The company i am working for is implementing Share-point with reporting servers that runs on an SQL back end. The information that we need lives on two different servers. The first server being the Manufacturing server that collects data from PLCs and inputs that information into a SQL database, the other server is our erp server which has data for payroll and hours worked on specific projects. The i have is to create a view on a separate database and then from there i can pull the information from both servers. I am having a little bit of trouble with the syntax for connecting the two servers to run the View. We are running ms SQL. If you need any more information or clarification please let me know.
Please read this about Linked Servers.
Alternatively you can make a Data Warehouse - which would be a reporting data base. You can feed this by either making procs with linked servers or use SSIS packages if they're not linked.
It all depends on a project size and complexity, but in many cases it is difficult to aggregate data from multiple sources with Views.
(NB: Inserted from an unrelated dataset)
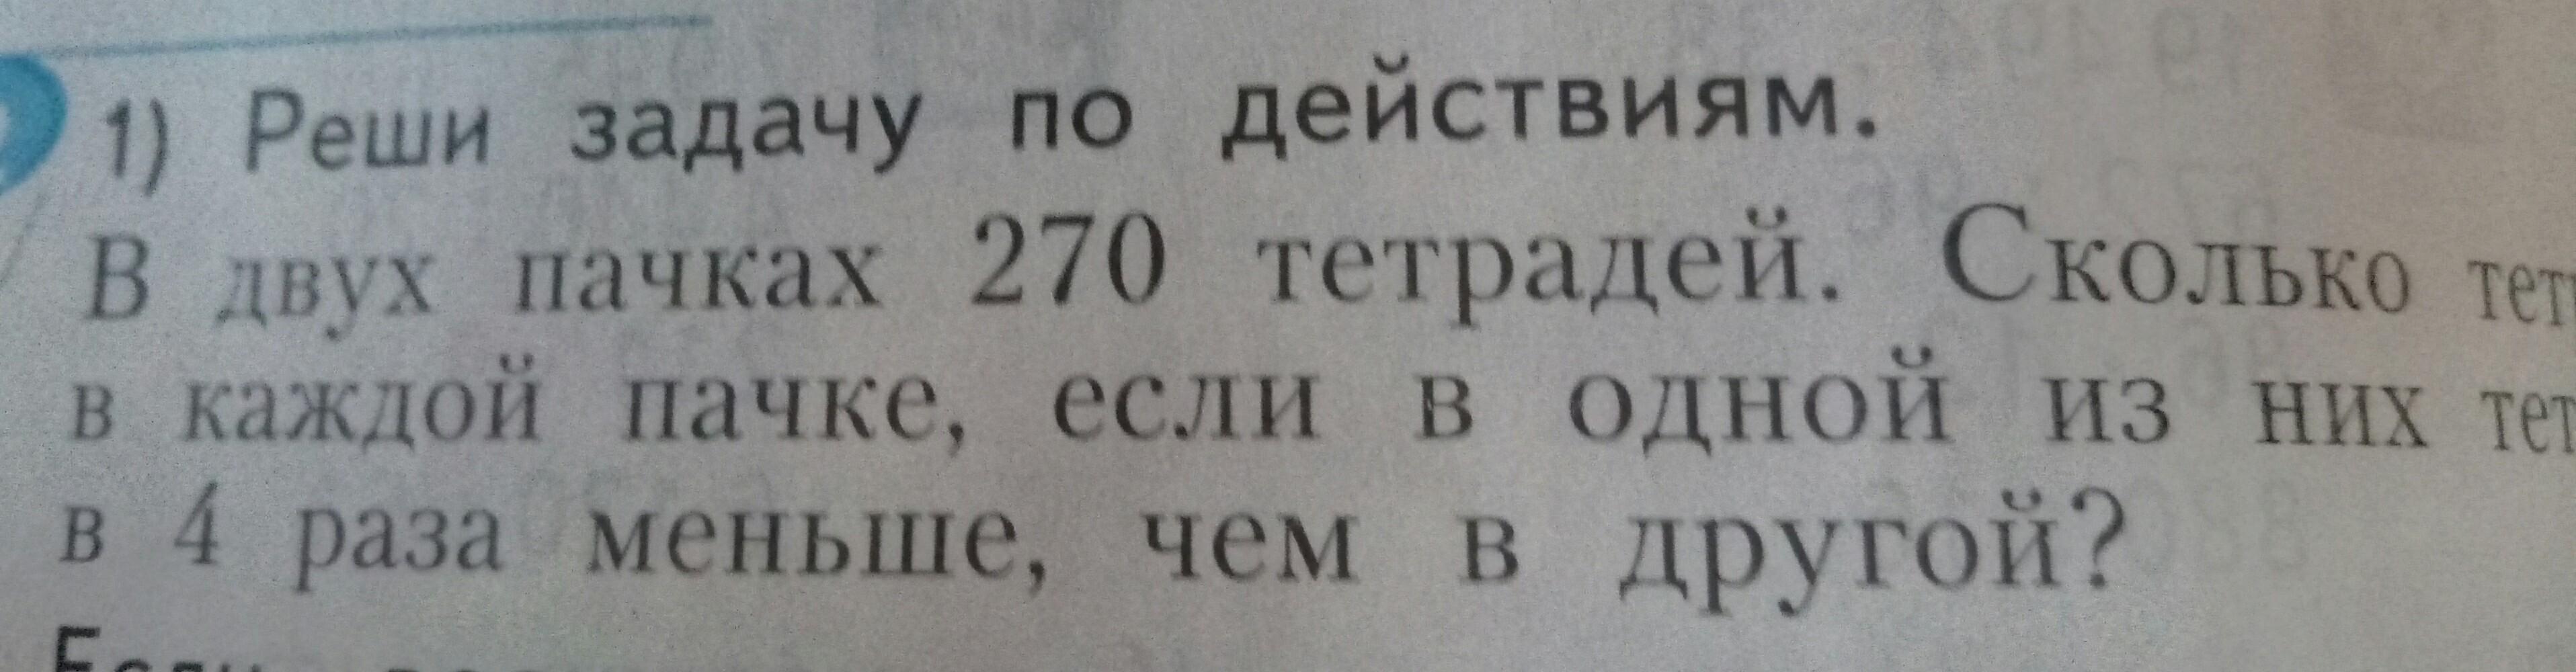 Реши задачу в двух пачках 270 тетрадей задача решение статистика цен

The reason is that the source data structure is modeled for the source application and not optimized for reporting.
In that case, I would suggest going with an ETL process, where you would create a set of Extract, Transform and Load jobs to get data from multiple sources (databases) into a target database where data will be stored in the format optimized for reporting.
Ralph Kimball has many great books on the subject, for example:
1) The Data Warehouse ETL Toolkit
2) The Data Warehouse Toolkit
They are truly worth the read if you are dealing with data